Configure Audit Policies

Introduction

Welcome to the Configure Audit Policies Practice Lab. In this module you will be provided with the instructions and devices needed to develop your hands-on skills.

Learning Outcomes

In this module, you will complete the following exercises:

• Exercise 1 - Manage Audit Policies

After completing this lab, you will be able to:

• View default audit policies
• Enable auditing for specific events
• Find out where audit information is saved and how to secure audit information

Exam Objectives

The following exam objectives are covered in this lab:

• Understand file and print services - auditing
• Understand troubleshooting methodology - Event Viewer, event filtering, default logs

Lab Duration

It will take approximately 45 minutes to complete this lab.

Exercise 1 - Manage Audit Policies

Auditing is the process of collecting log files that describe activities that transpire on Windows computers. The recorded Windows log files are classified into four types, namely: system, application, security, and setup.

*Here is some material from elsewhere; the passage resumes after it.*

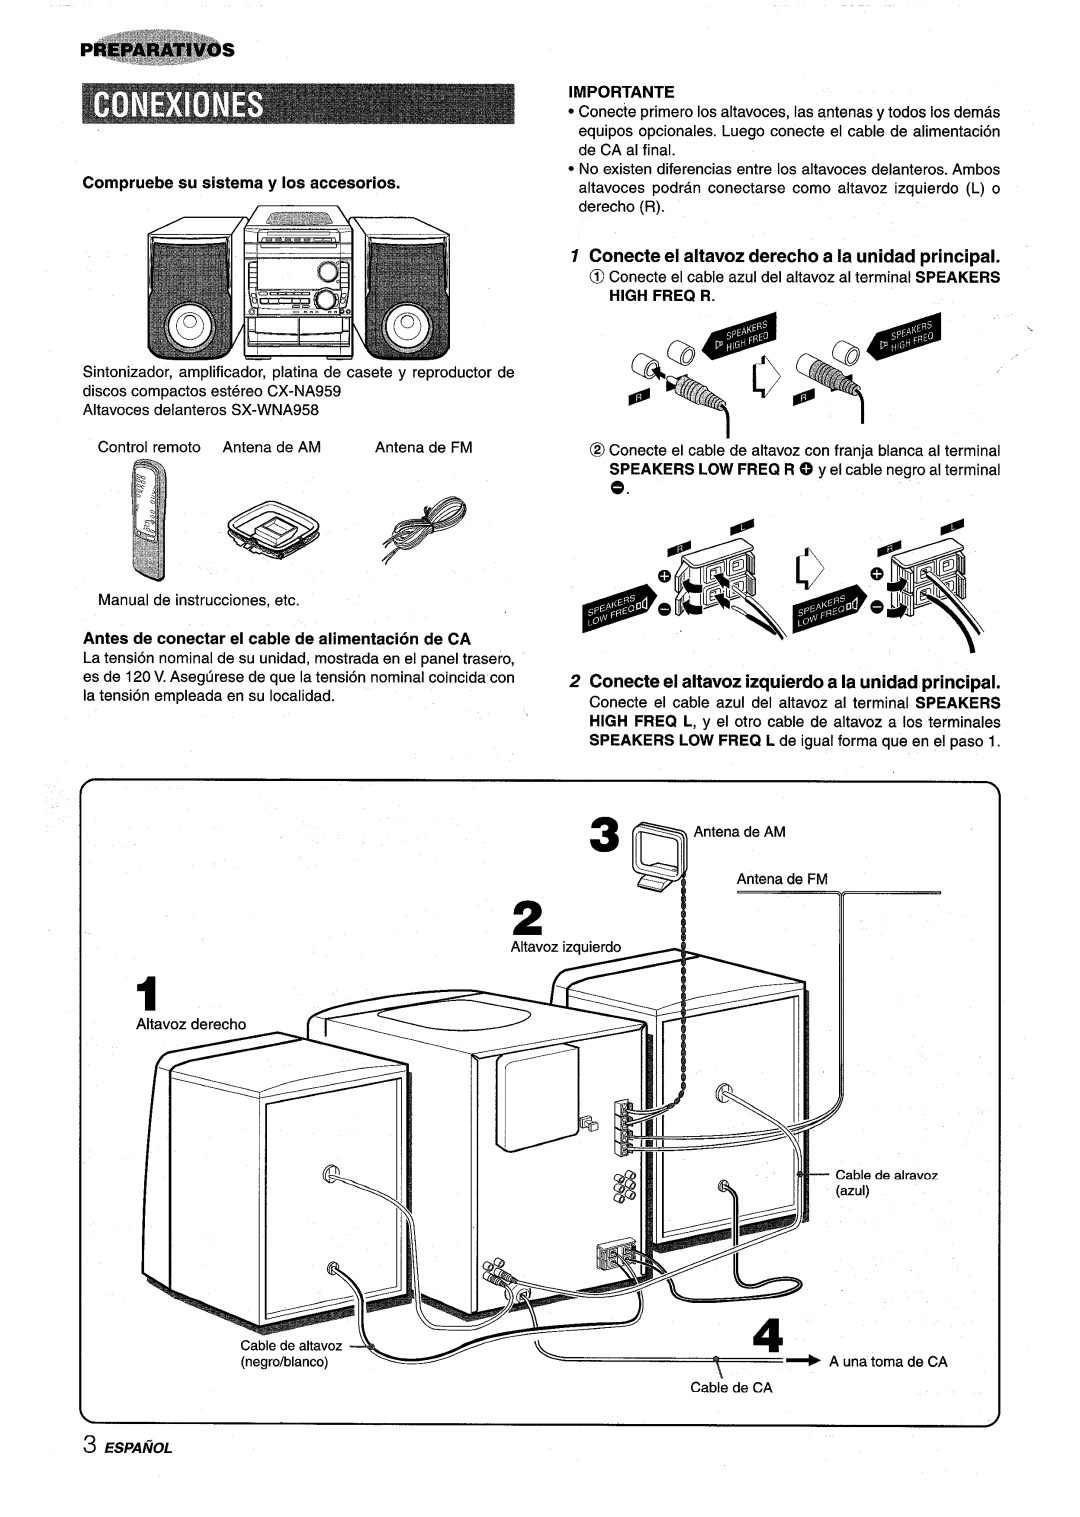 Sony NSX-A959 manual 3 ~AntenadeAM, Conecte el altavoz derecho a la unidad principal, Importante 
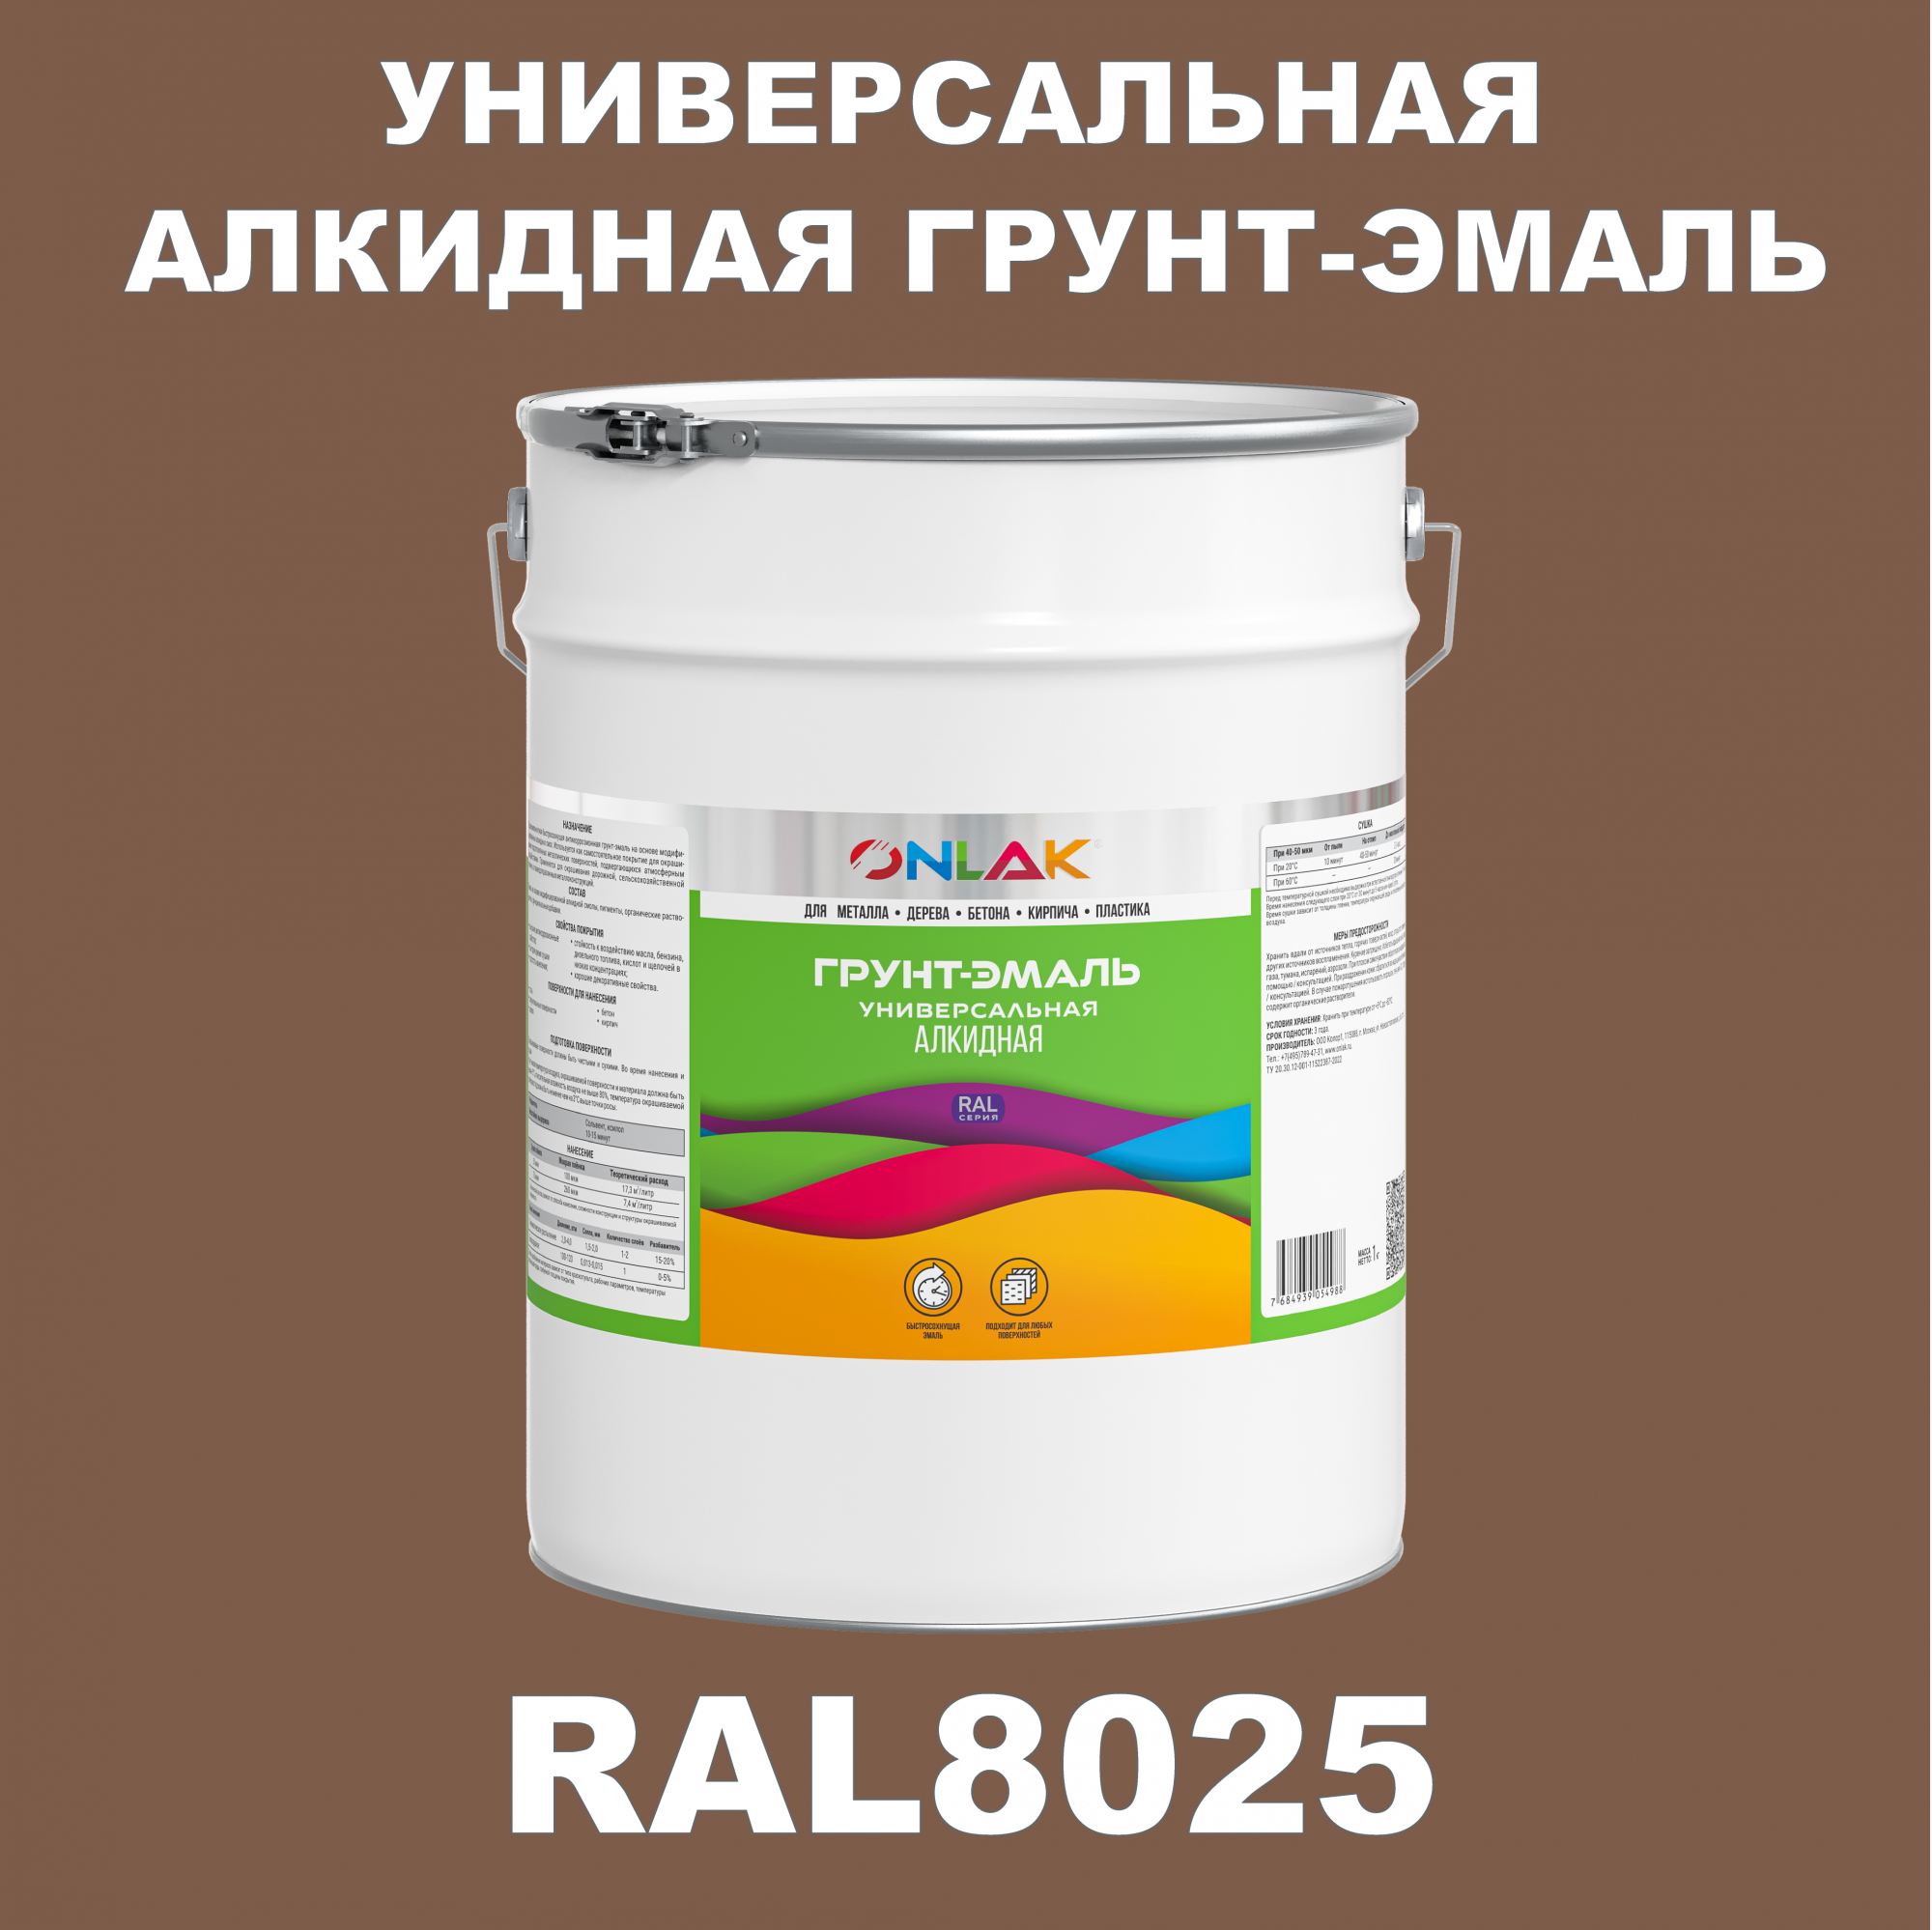 Грунт-эмаль ONLAK 1К RAL8025 антикоррозионная алкидная по металлу по ржавчине 20 кг грунт эмаль neomid по ржавчине быстросохнущая алкидная серая 0 9 кг

The System log record events logged by Windows system components such as a device driver that failed to initialize during a start-up.

The Application log records events logged by programs. For Windows Server, this log type refers to activities reported by server-based programs such as a messaging system like Exchange Server.

The Security log records security events, namely: logon attempts and resource usages such as creating folders, files, and other objects.

The Setup log record event when a Microsoft Standalone Update or “.msu” file like Remote Server Administration Tools or RSAT is installed.

In this exercise, you will examine the default audit policies that are enabled in Windows, view logon events and enable object access auditing.